Without including any images, output the listing below exactly.

*** SOURCE MATERIAL

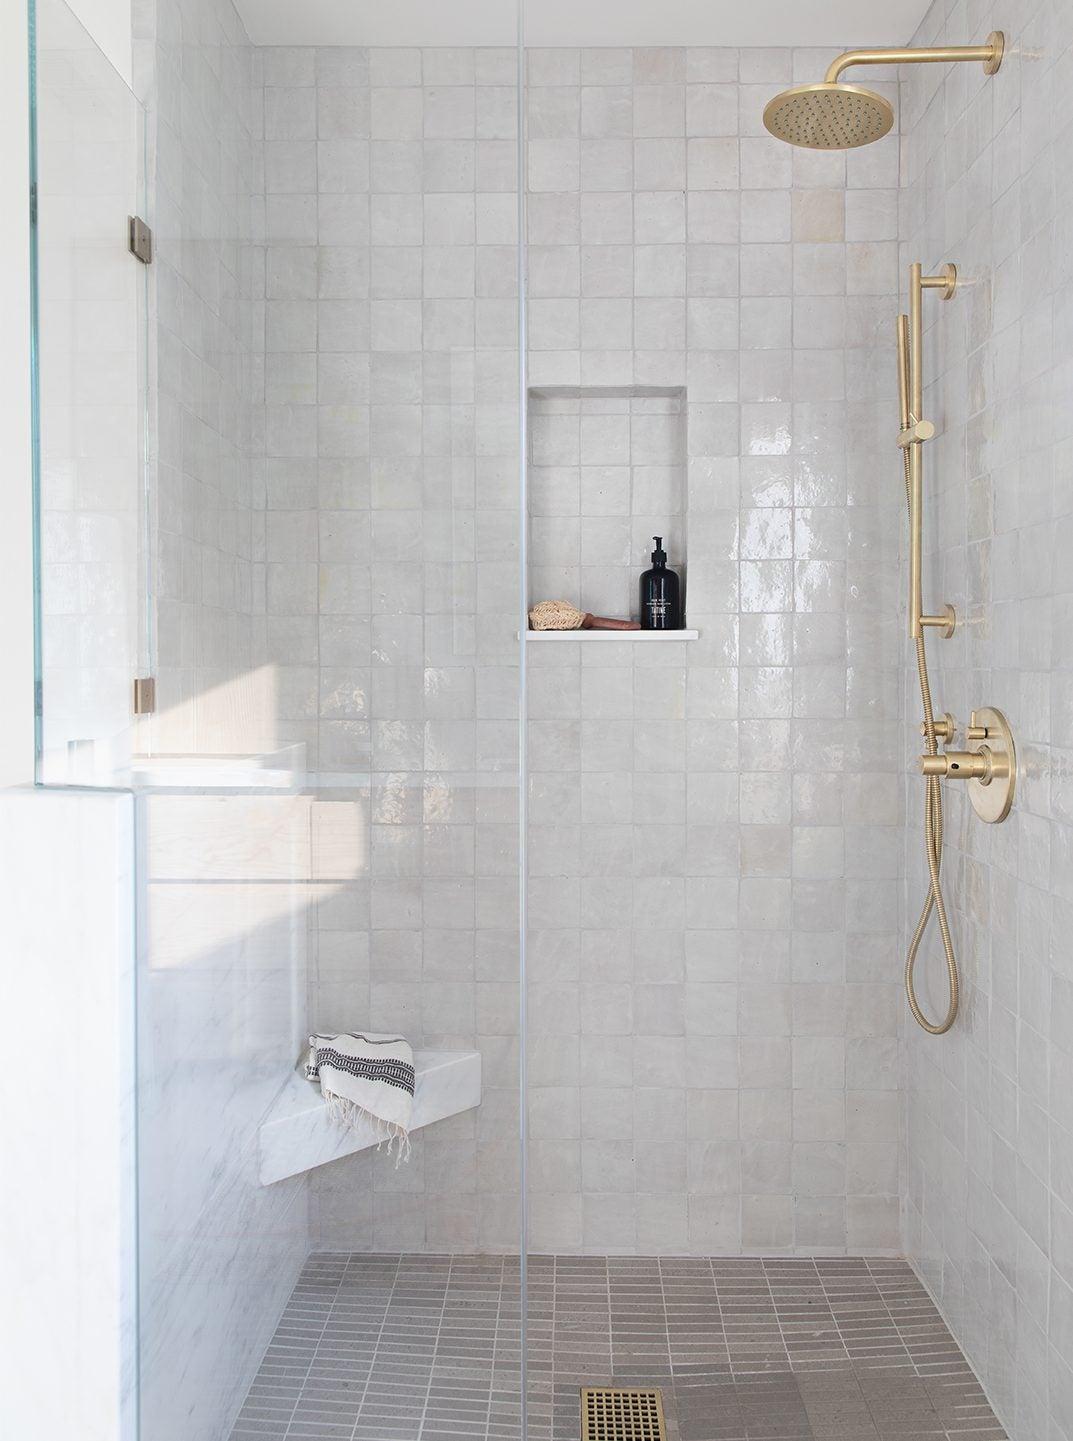 Shower with zellige tile
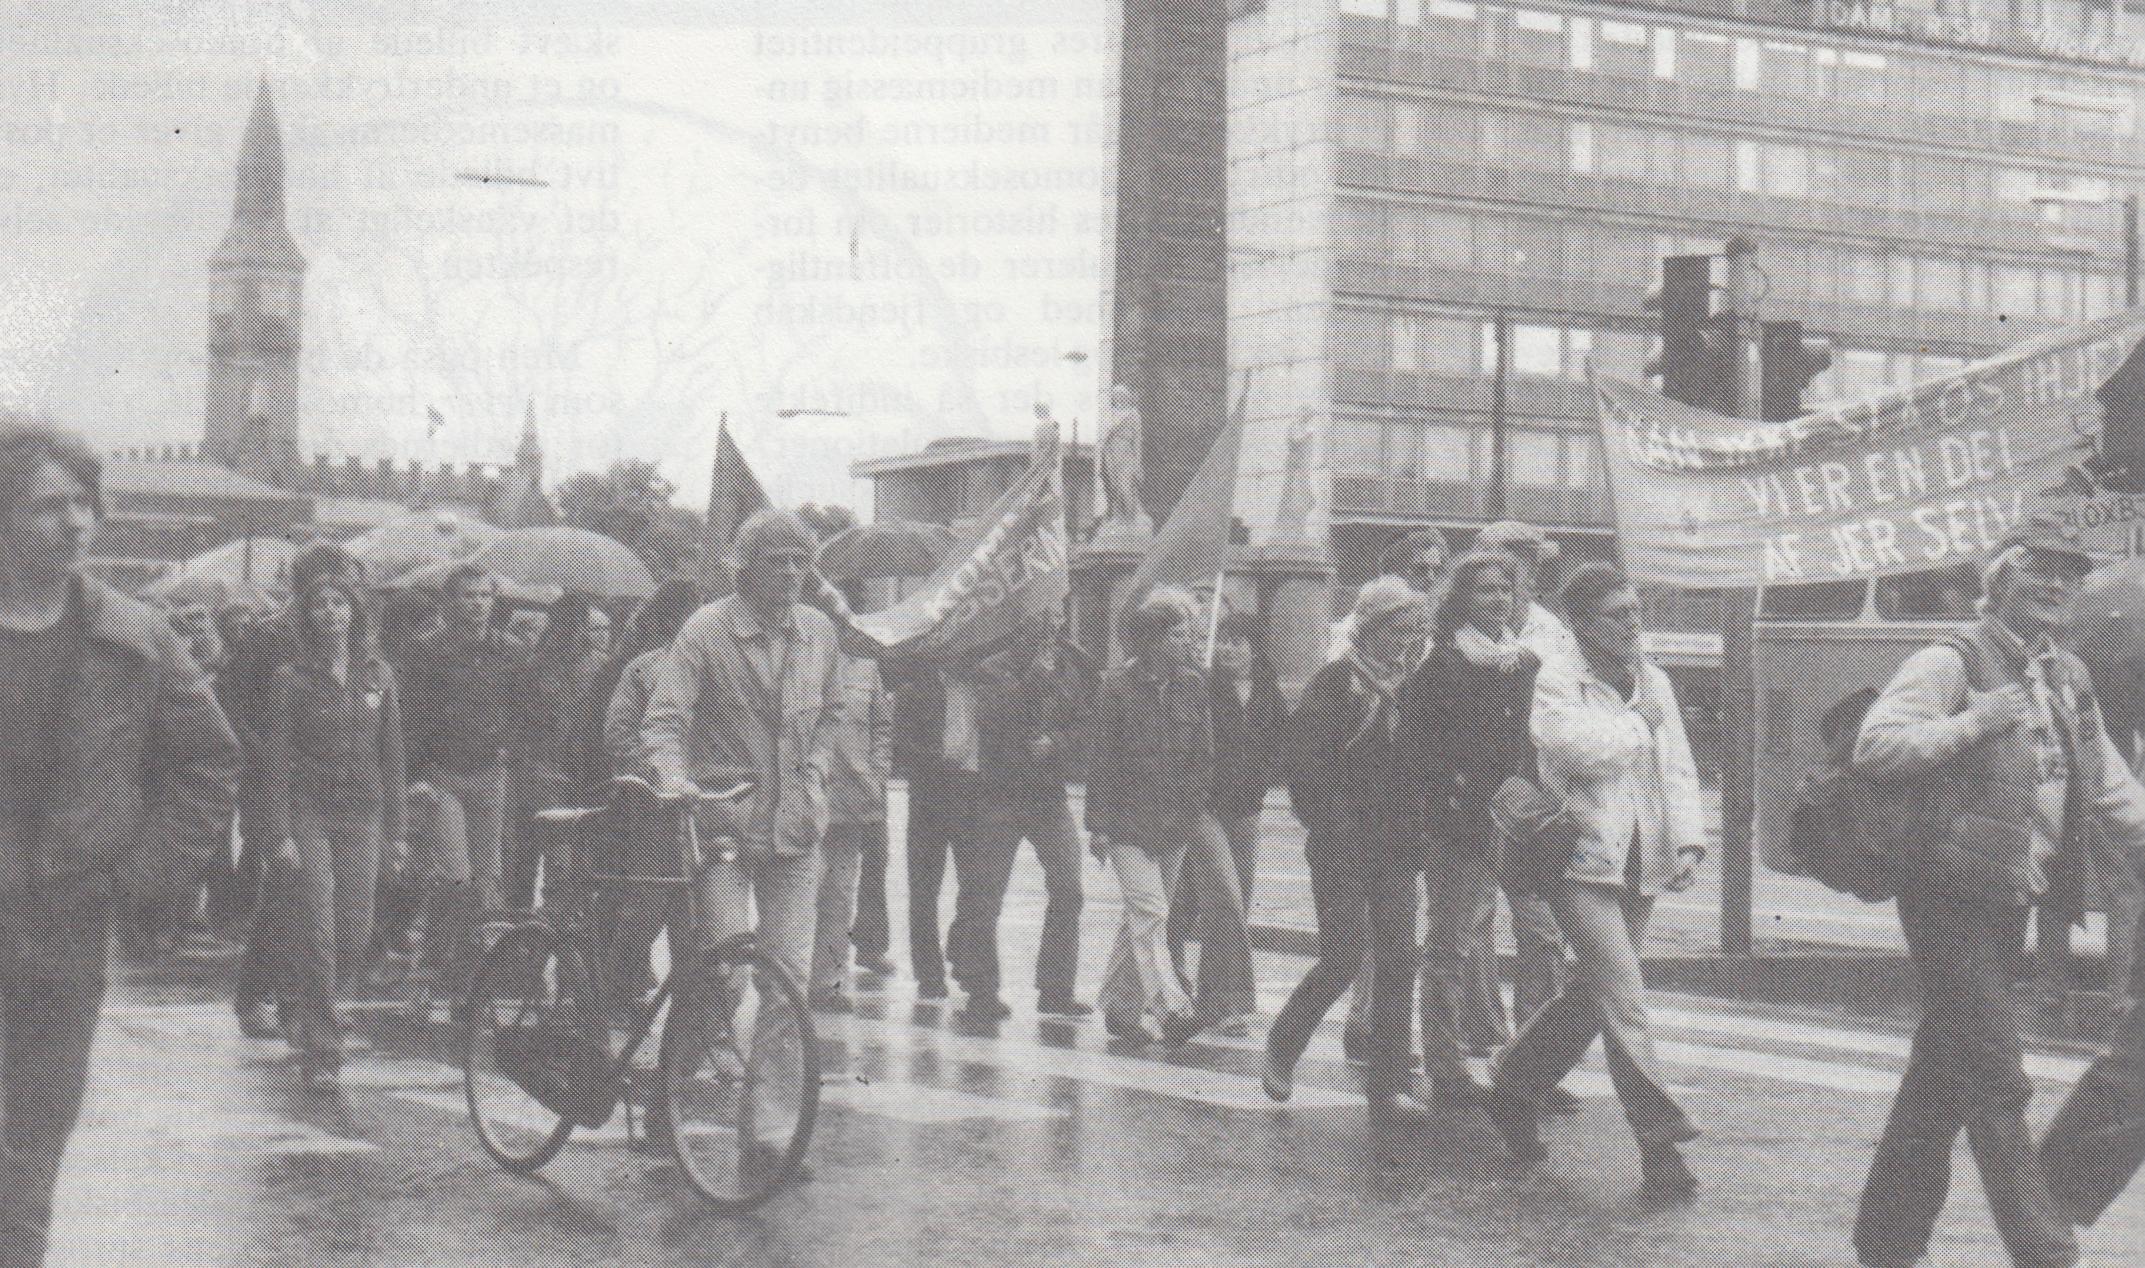 Gammelt billede af en demonstration i København. LGBT+ personer demonstrerer med bannere og i baggrunden ses Københavns Rådhus
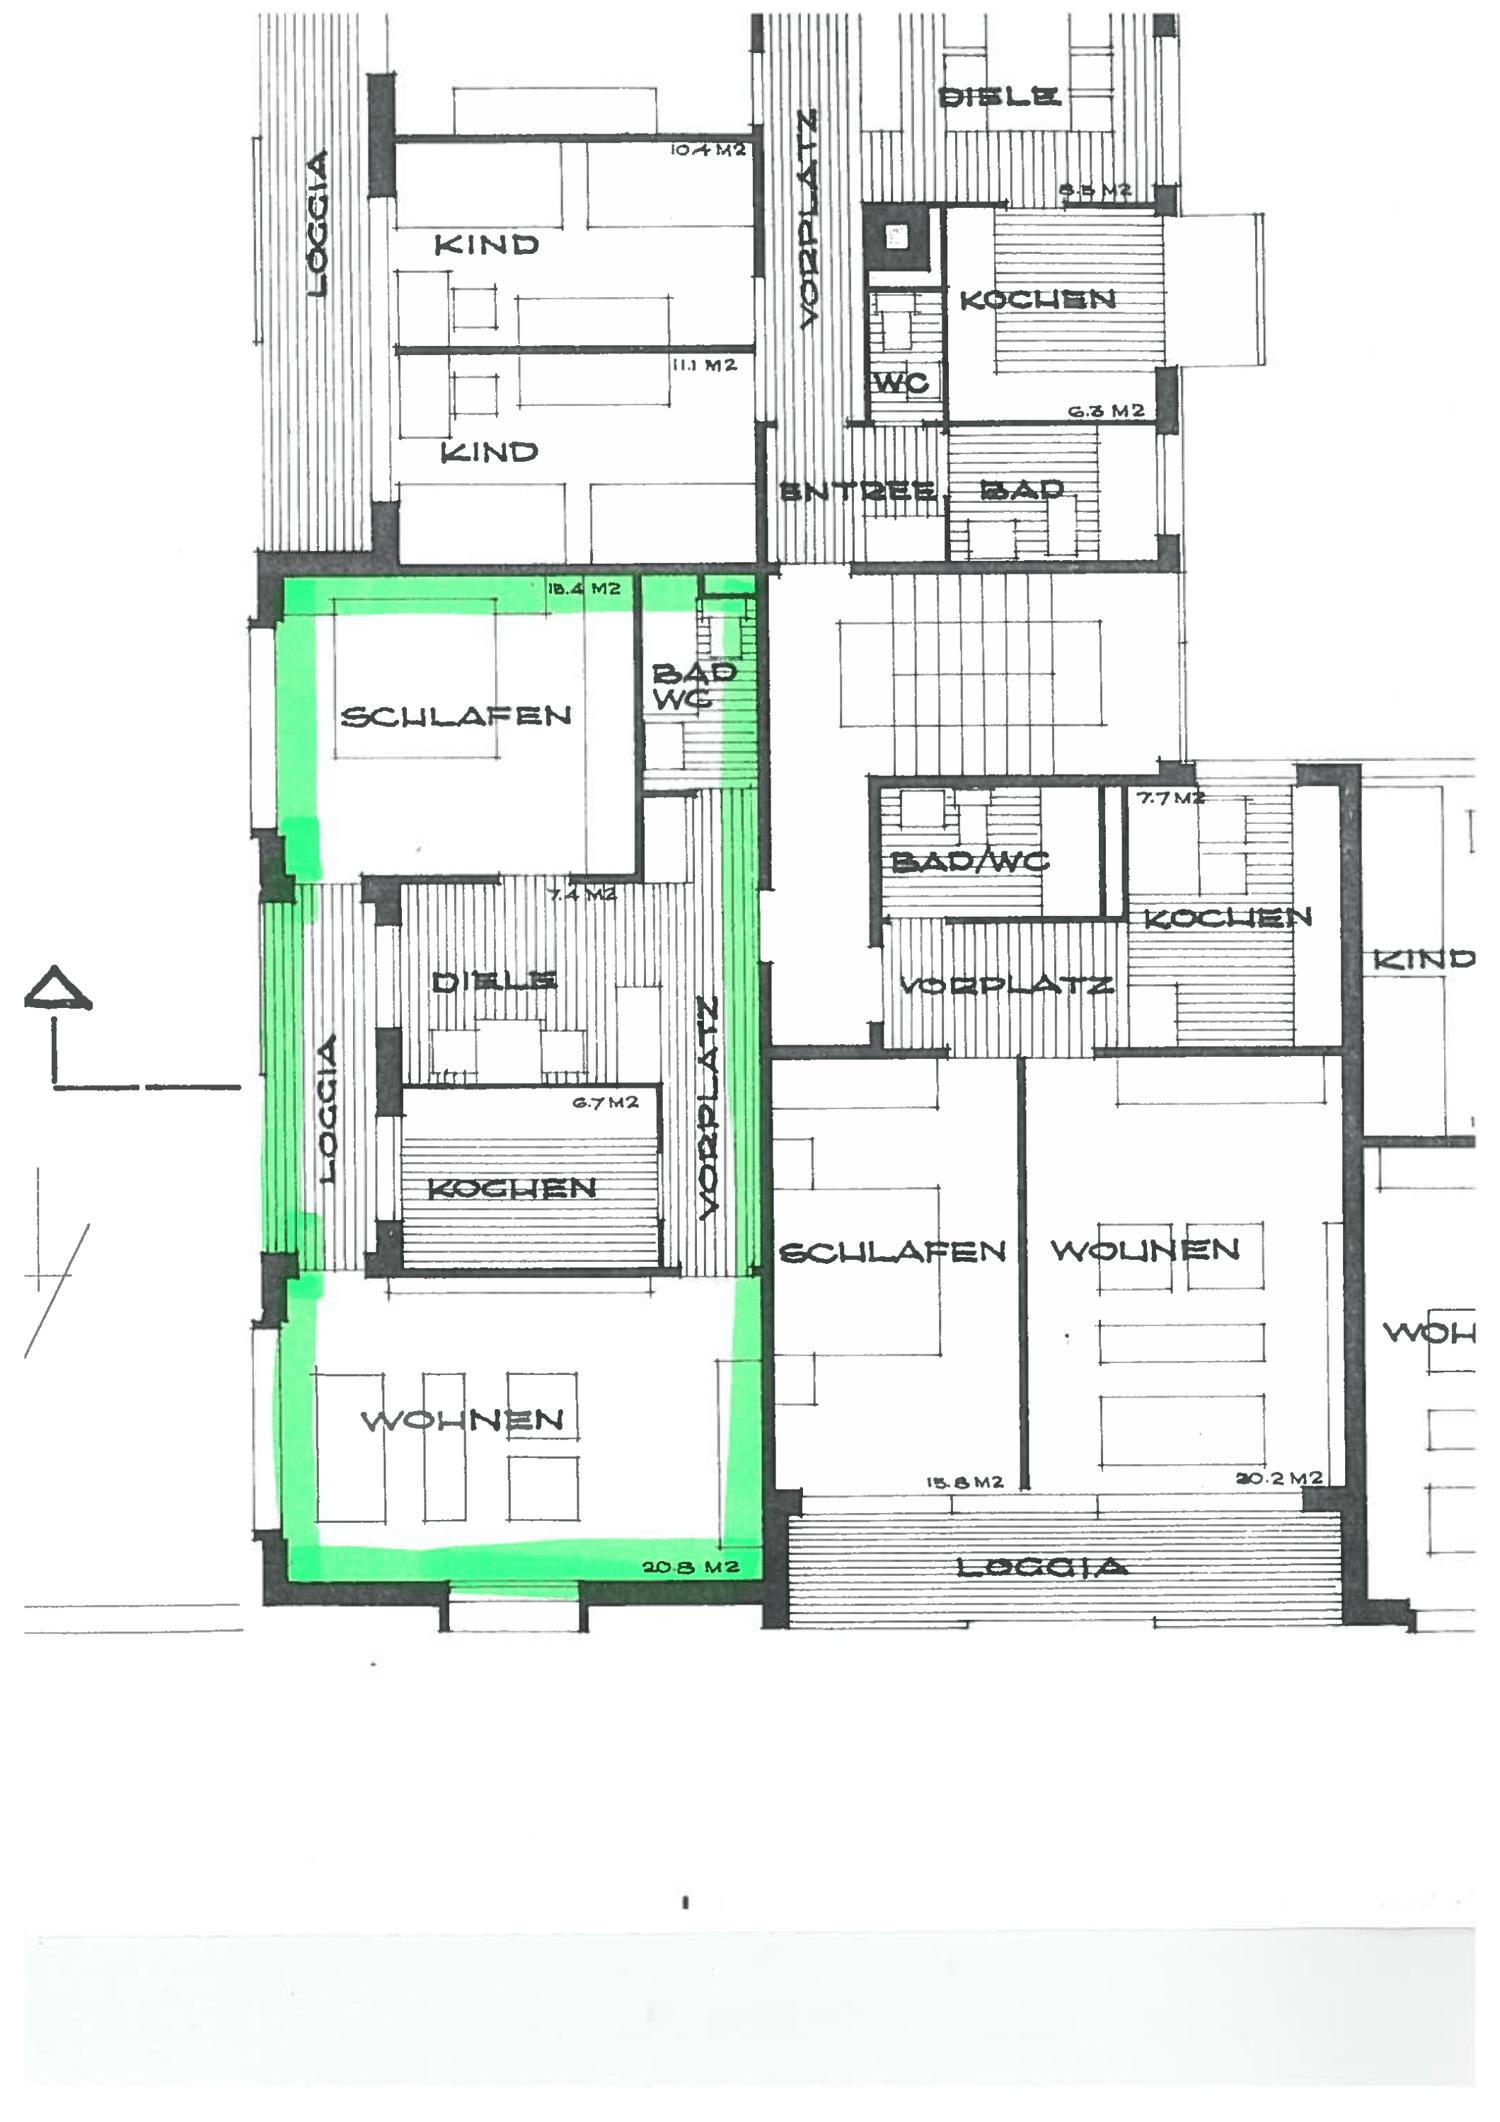 Kleindorfstrasse 83

******

(WRITTEN RESPONSE)
 Shower with zellige tile
 Gammelt billede af en demonstration i København. LGBT+ personer demonstrerer med bannere og i baggrunden ses Københavns Rådhus
 Kleindorfstrasse 83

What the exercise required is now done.